ABC The World Today

  • Transcript, E&OE
Subjects: Free Trade Agreements with the United Kingdom and European Union; Trans-Pacific Partnership (TPP).
05 September 2016

ELEANOR HALL: Malcolm Turnbull has begun laying the groundwork for a post-Brexit free trade deal with the UK, during a meeting with his British counterpart, Prime Minister Theresa May. And Australia's Trade Minister Steve Ciobo is heading to London later this week, where he too will discuss a trade deal with Britain. But the Minister is also keen to keep the Australia - EU trade negotiations on track. He spoke to political reporter Tom Iggulden in Canberra ahead of his trip.

STEVEN CIOBO: We've got well developed discussions underway with the European Union with a view to commencing free trade negotiations, I hope, in the first half of next year. Obviously, with the UK exiting the European Union, there'll be opportunities to build on the strong historical bonds that we have.

TOM IGGULDEN: Was the Brexit a handbrake, if you like, on a move toward an FTA with the EU?

STEVEN CIOBO: No. Truthfully, we've not seen any impact in terms of our discussions with the European Union. The UK decision and the referendum was a surprise for many, but that no withstanding, that decision having now been taken means as I indicate this week I'll be having conversations the European Union pursuing Cecilia Malmström, my trader counterpart from the EU, about what opportunities exist to continue progressing our discussions.
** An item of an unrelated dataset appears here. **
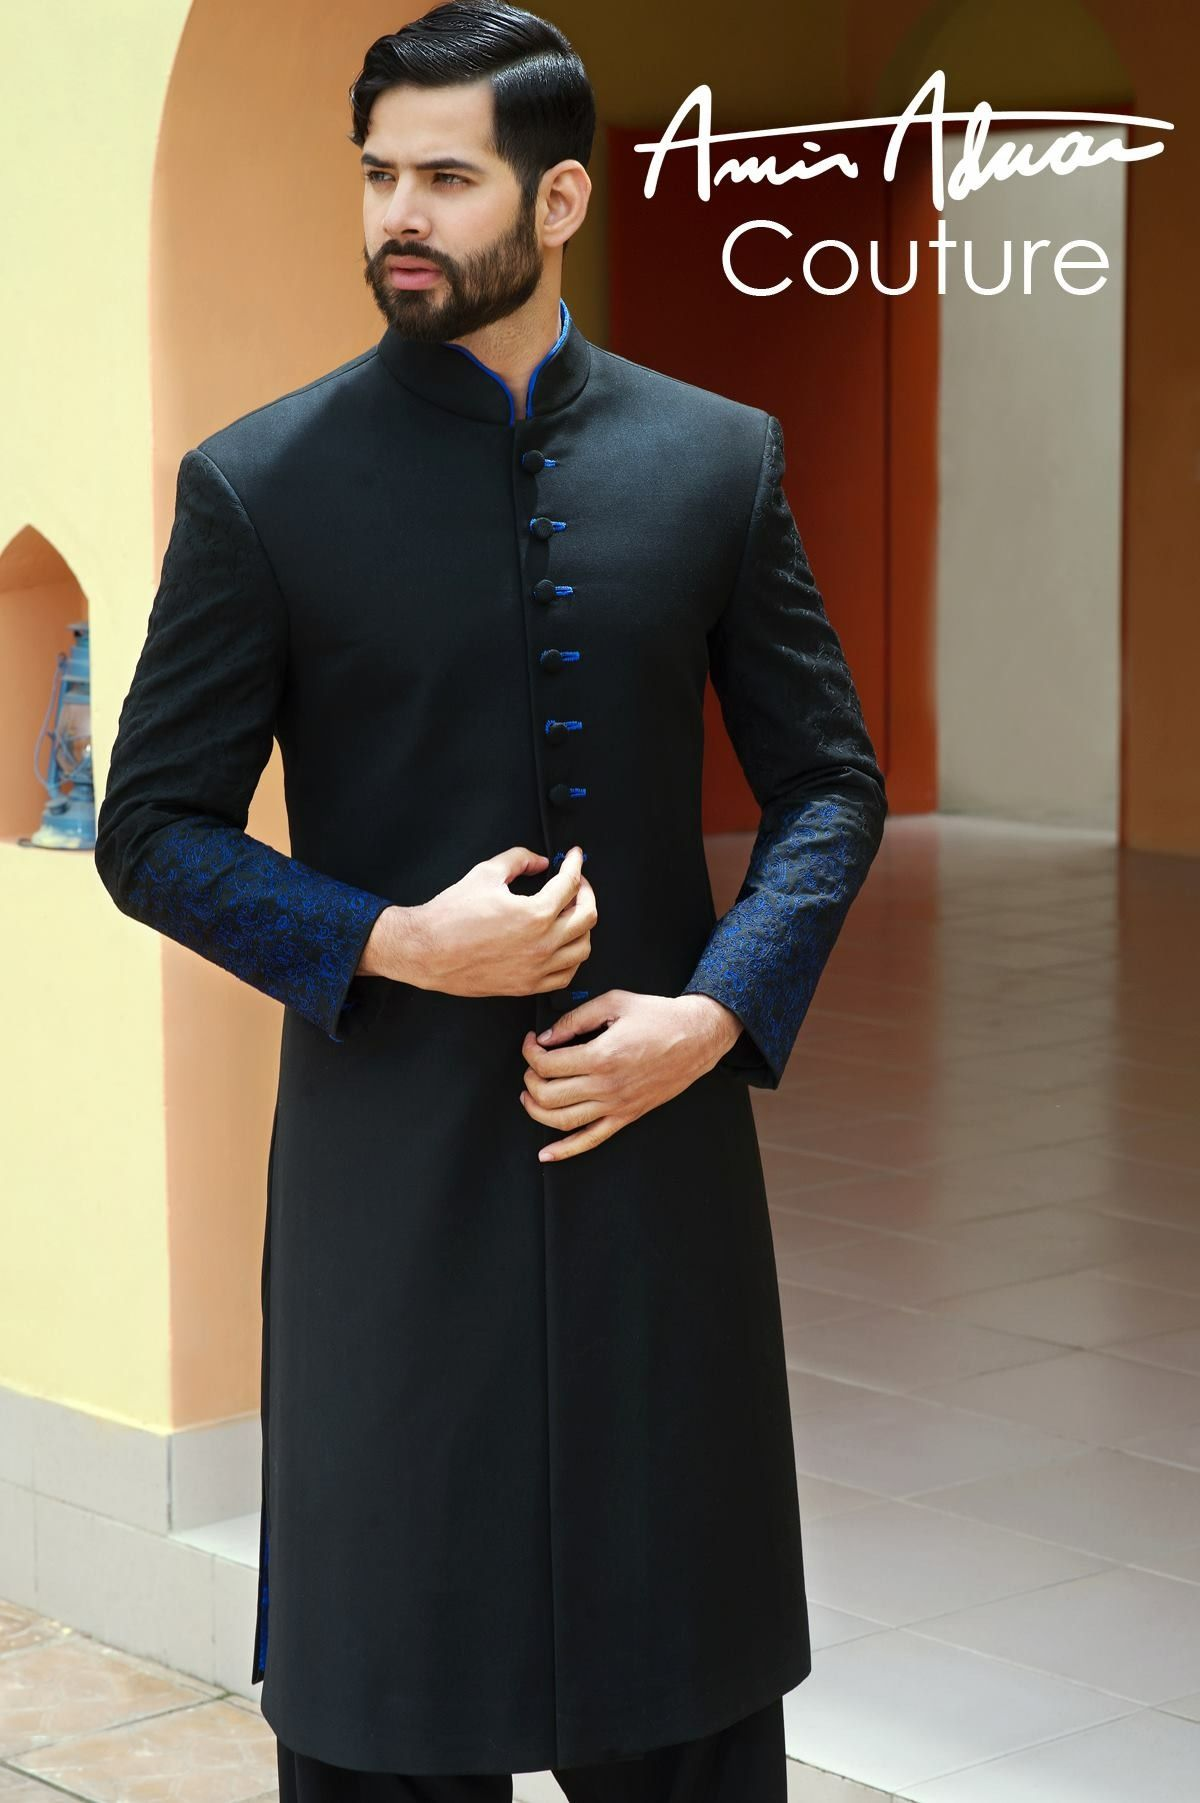 Pin by Muhammad Awais on Groom Dress | Pinterest | Groom dress

But also, to have discussions such as those with Secretary Fox, my UK counterpart to look at the opportunities that exist with respect to building on our relationships.

TOM IGGULDEN: What about the domestic climate here in Australia? We have seen the election of a series of quite protectionist minded politicians, particularly in the new senate here. Will you have that in the back of your mind as you go forth into Europe and put these issues on the table?

STEVEN CIOBO: Look I'm very respectful about the concern, the alienation that some Australians have with respect to free trade, but I think it's important to reinforce that protectionism, that protectionist instincts are not the way forward. The fact is that Australia's standard of living, which has seen GDP growth for 25 years, which has seen national prosperity continue to increase is a consequence of numerous factors, but one of the most significant has been our willingness to engage with the world. We do not advance Australia's national interest. We don't advance Australia's national prosperity by turning our back on reaching trade agreements with other countries around the world because that drives jobs and it drives economic growth.

TOM IGGULDEN: Turning now to the Trans-Pacific Partnership, time has all but run out in the United States for Congress to ratify that deal. How much of a blow would it be to America's prestige in our part of the world for that deal to fall over?

STEVEN CIOBO: Well, time hasn't run out, the clock is still ticking, and the fact is that all the opinion and advice within the US tends to indicate the lame duck session, that is the period after the presidential election and prior to the inauguration, represents the best opportunity for the Americans to look at ratifying the TPP. Whether that happens or not, only time will tell, but I'm certainly not going to be writing it off at this stage.

TOM IGGULDEN: Substantial alterations to that deal, though, would seem to be on the cards whatever happens in that lame duck session as you point out. Would that from Australia's point of view require a renegotiation of the terms?

STEVEN CIOBO: Look, there is no way that we have a renegotiation around the terms of this agreement. The agreement's been struck.

TOM IGGULDEN: Have you communicated that to your American counterparts?

STEVEN CIOBO: Certainly have, yes. There's sensitivities, like any trade agreement as I said, sensitivities around all sides. The agreement that was reached is an agreement that represents the best efforts of all 12 member countries that were involved, there's no scope for renegotiation on those issues.

ELEANOR HALL: That's the Trade Minister Steve Ciobo speaking to Tom Iggulden.